Required action: Only the pictures are dropped. Restate each line below word for word.

Data segment:
#####
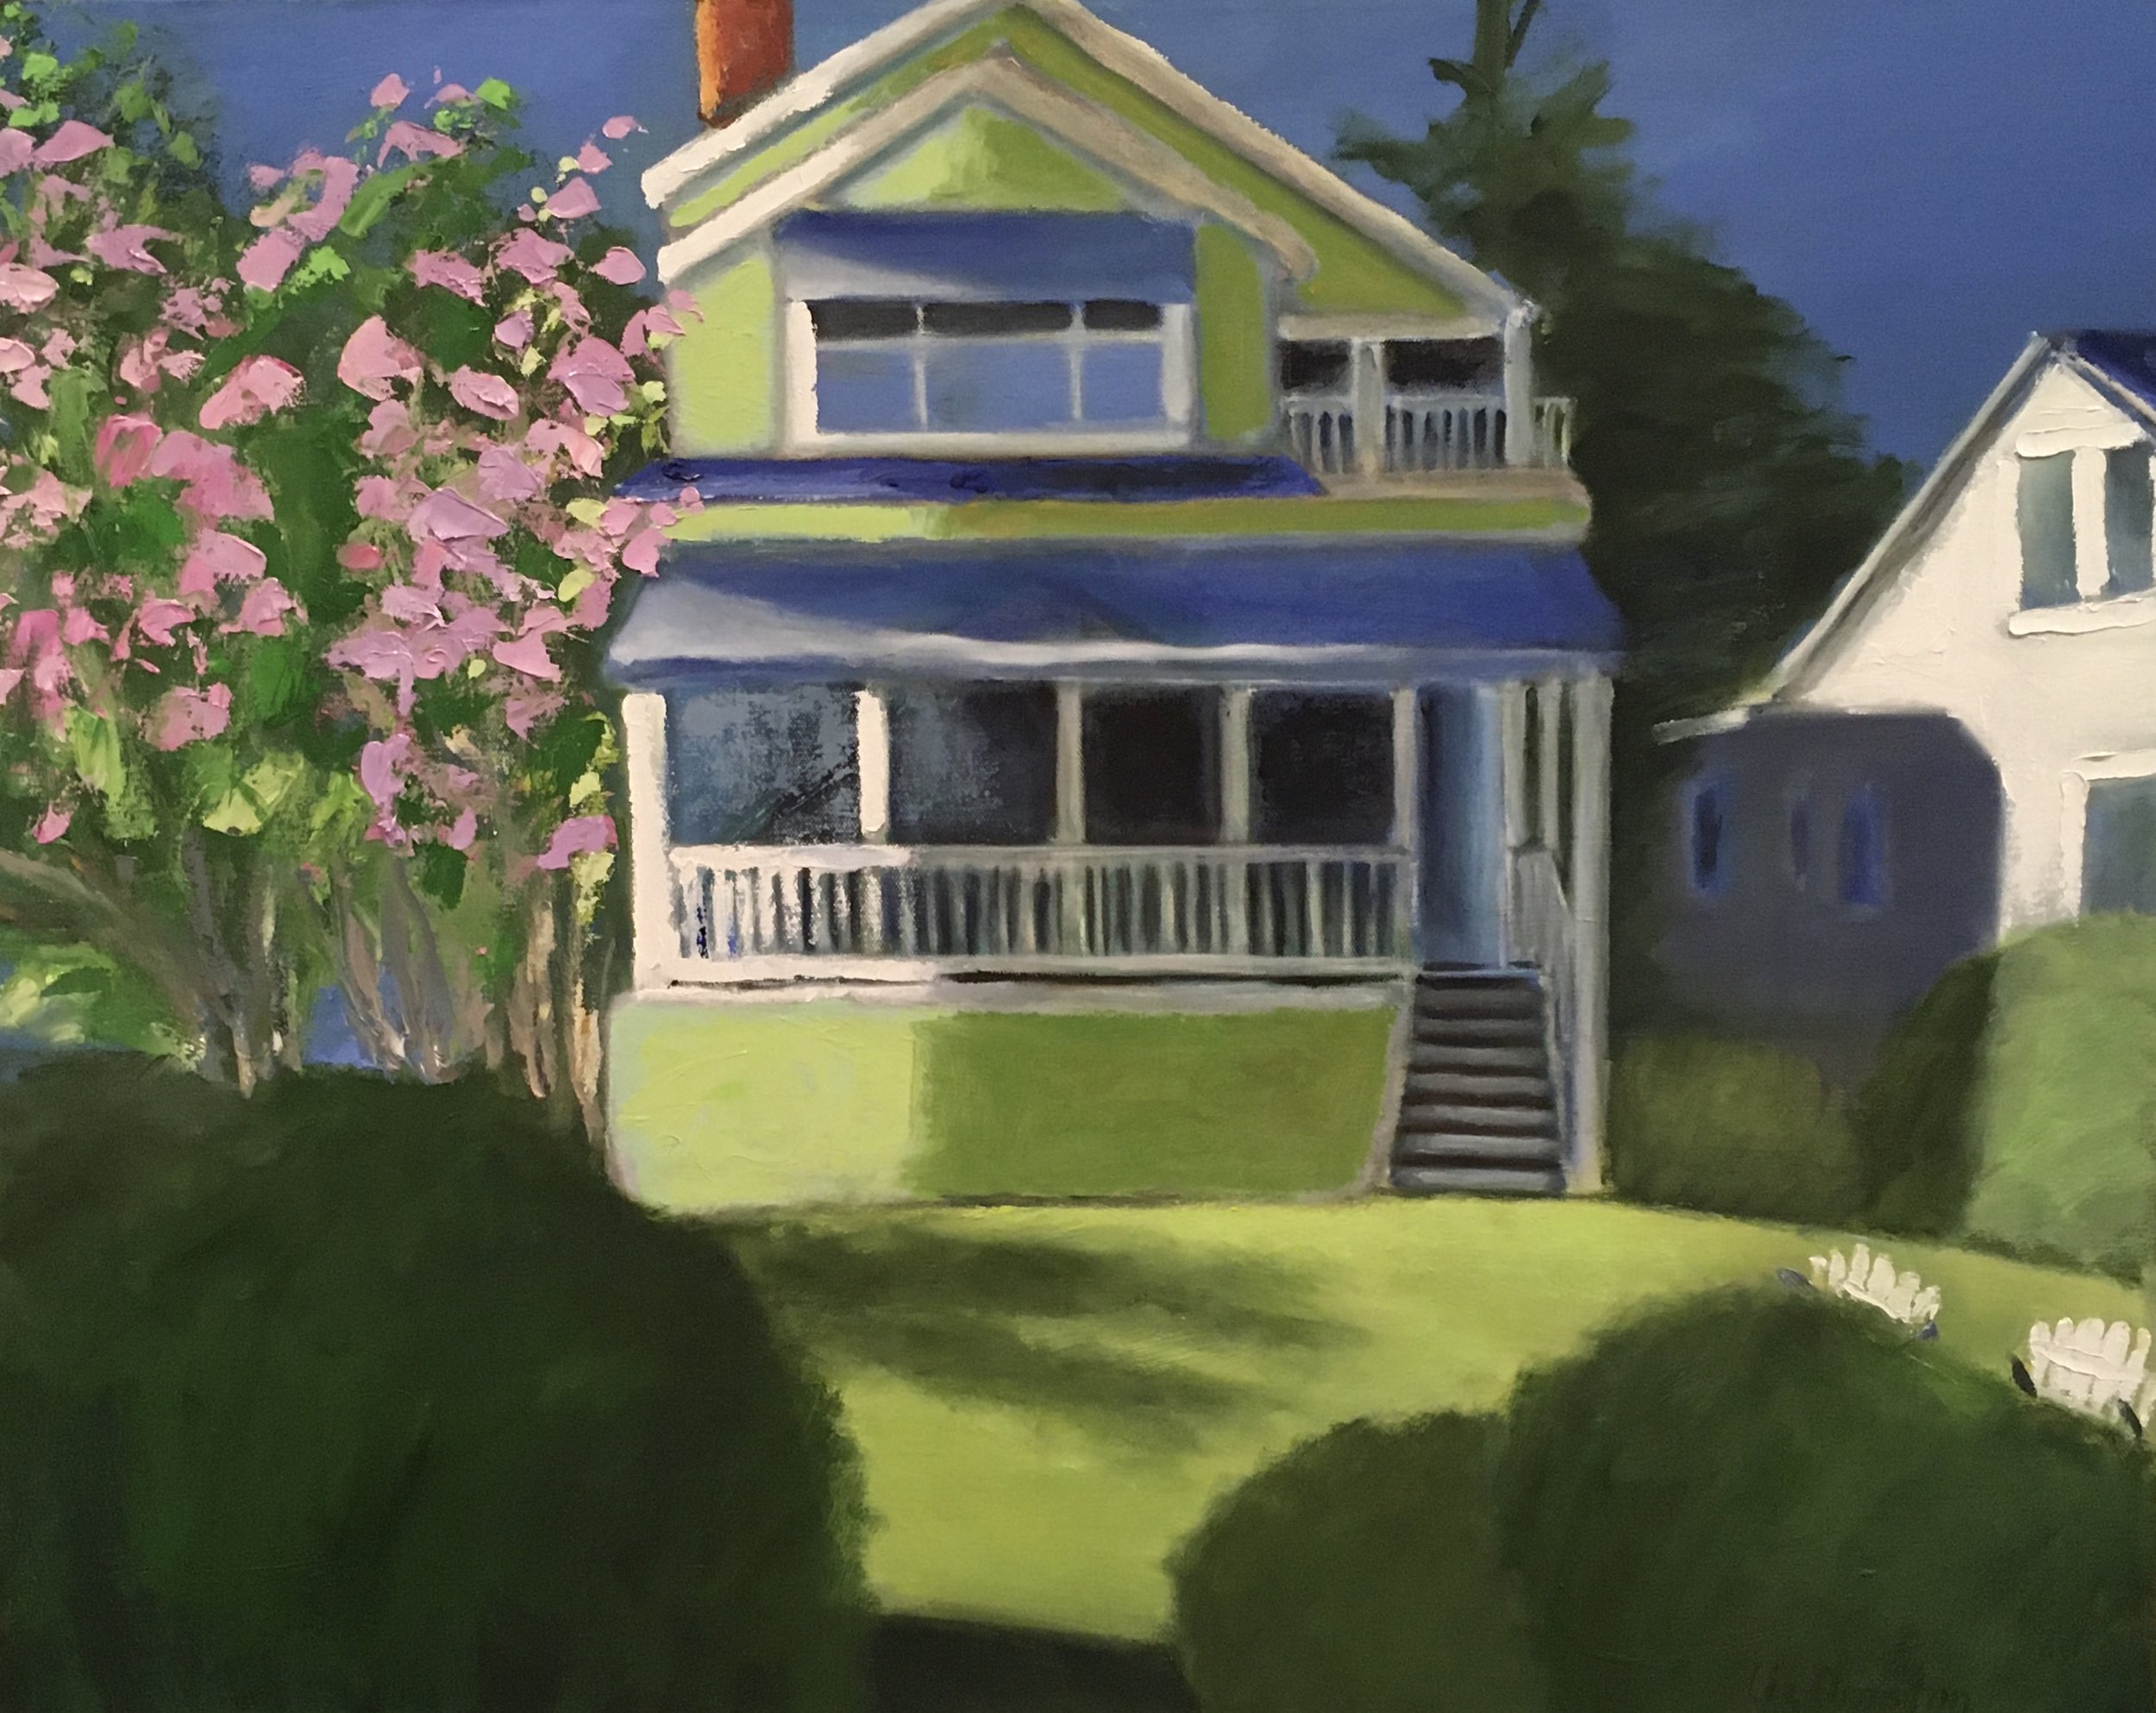 "Bethany House Crepe Myrtle" | Oil on Canvas | 24x30 
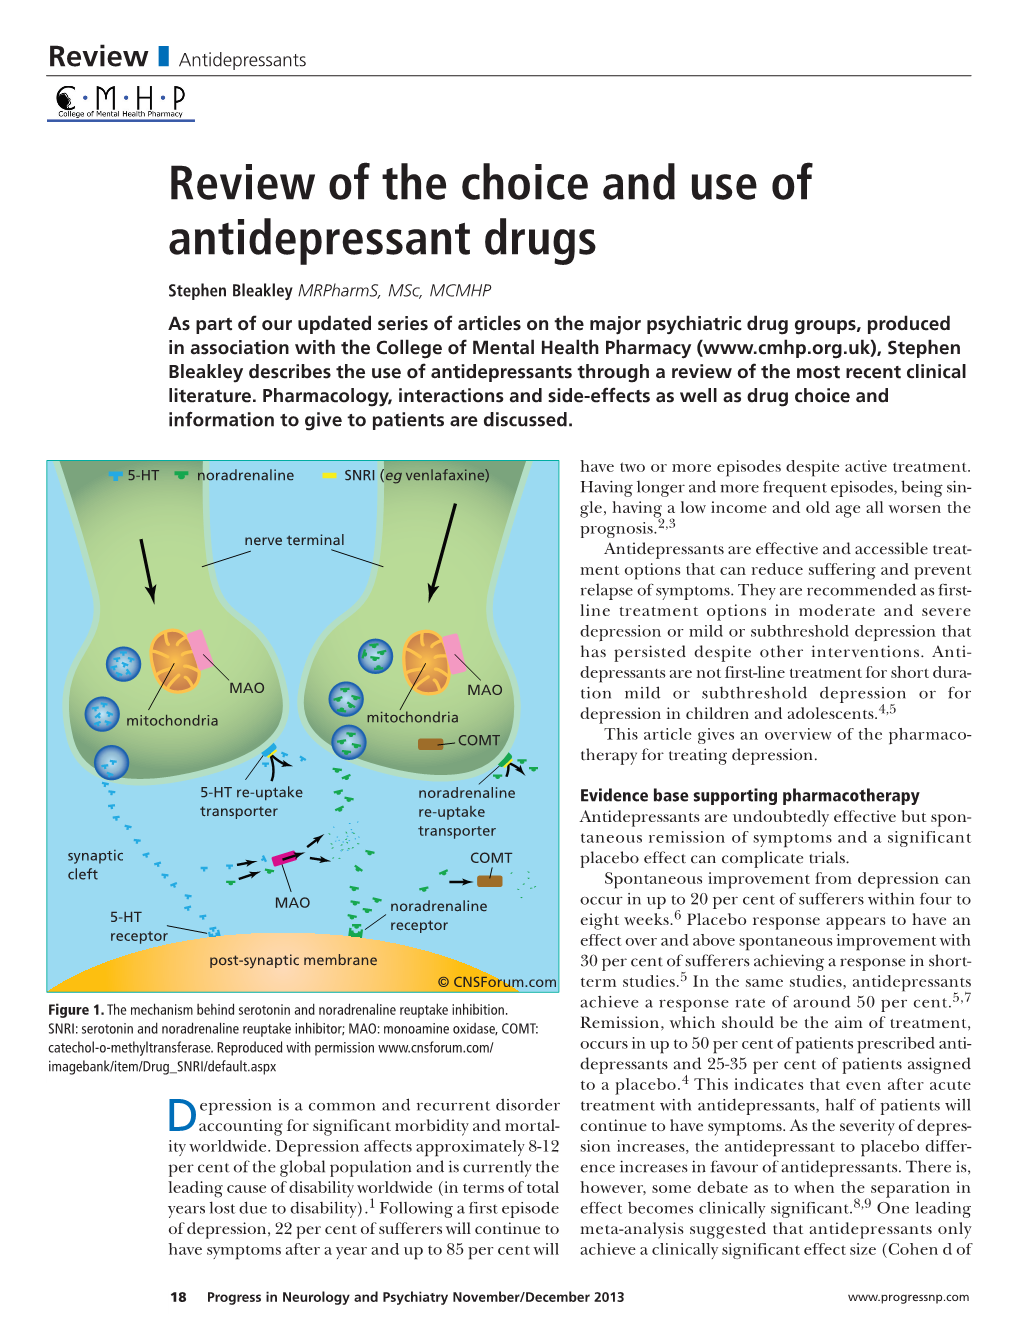 Review of the Choice and Use of Antidepressant Drugs
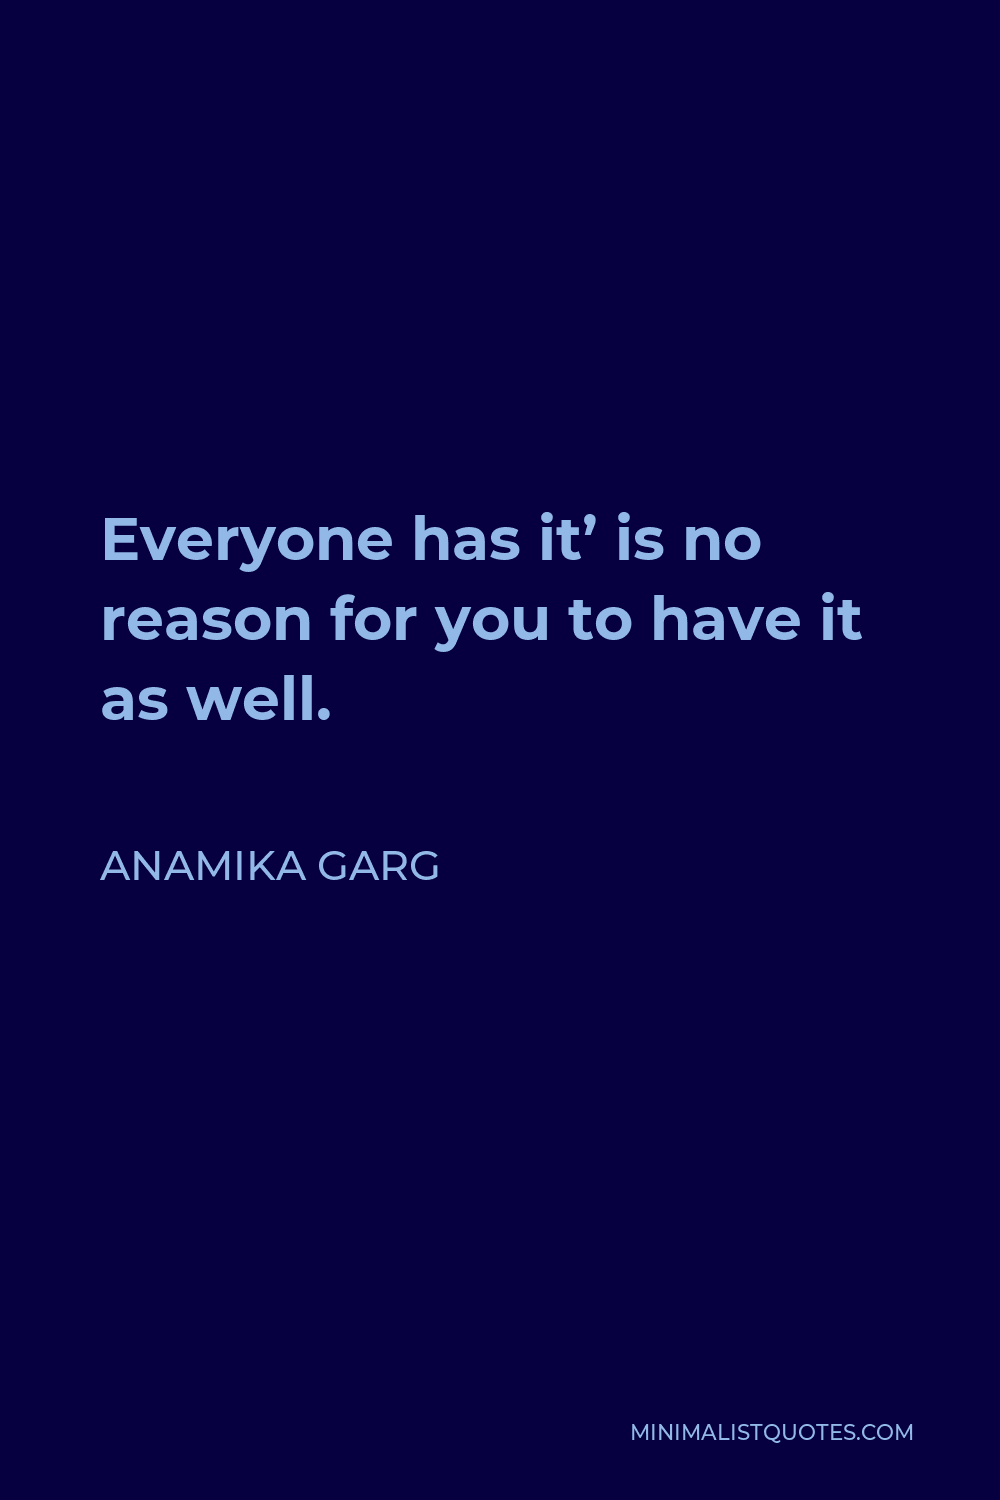 Anamika Garg Quote - Everyone has it’ is no reason for you to have it as well.
#####
Written answer:
 "Bethany House Crepe Myrtle" | Oil on Canvas | 24x30 
 Review of the Choice and Use of Antidepressant Drugs
 Anamika Garg Quote - Everyone has it’ is no reason for you to have it as well.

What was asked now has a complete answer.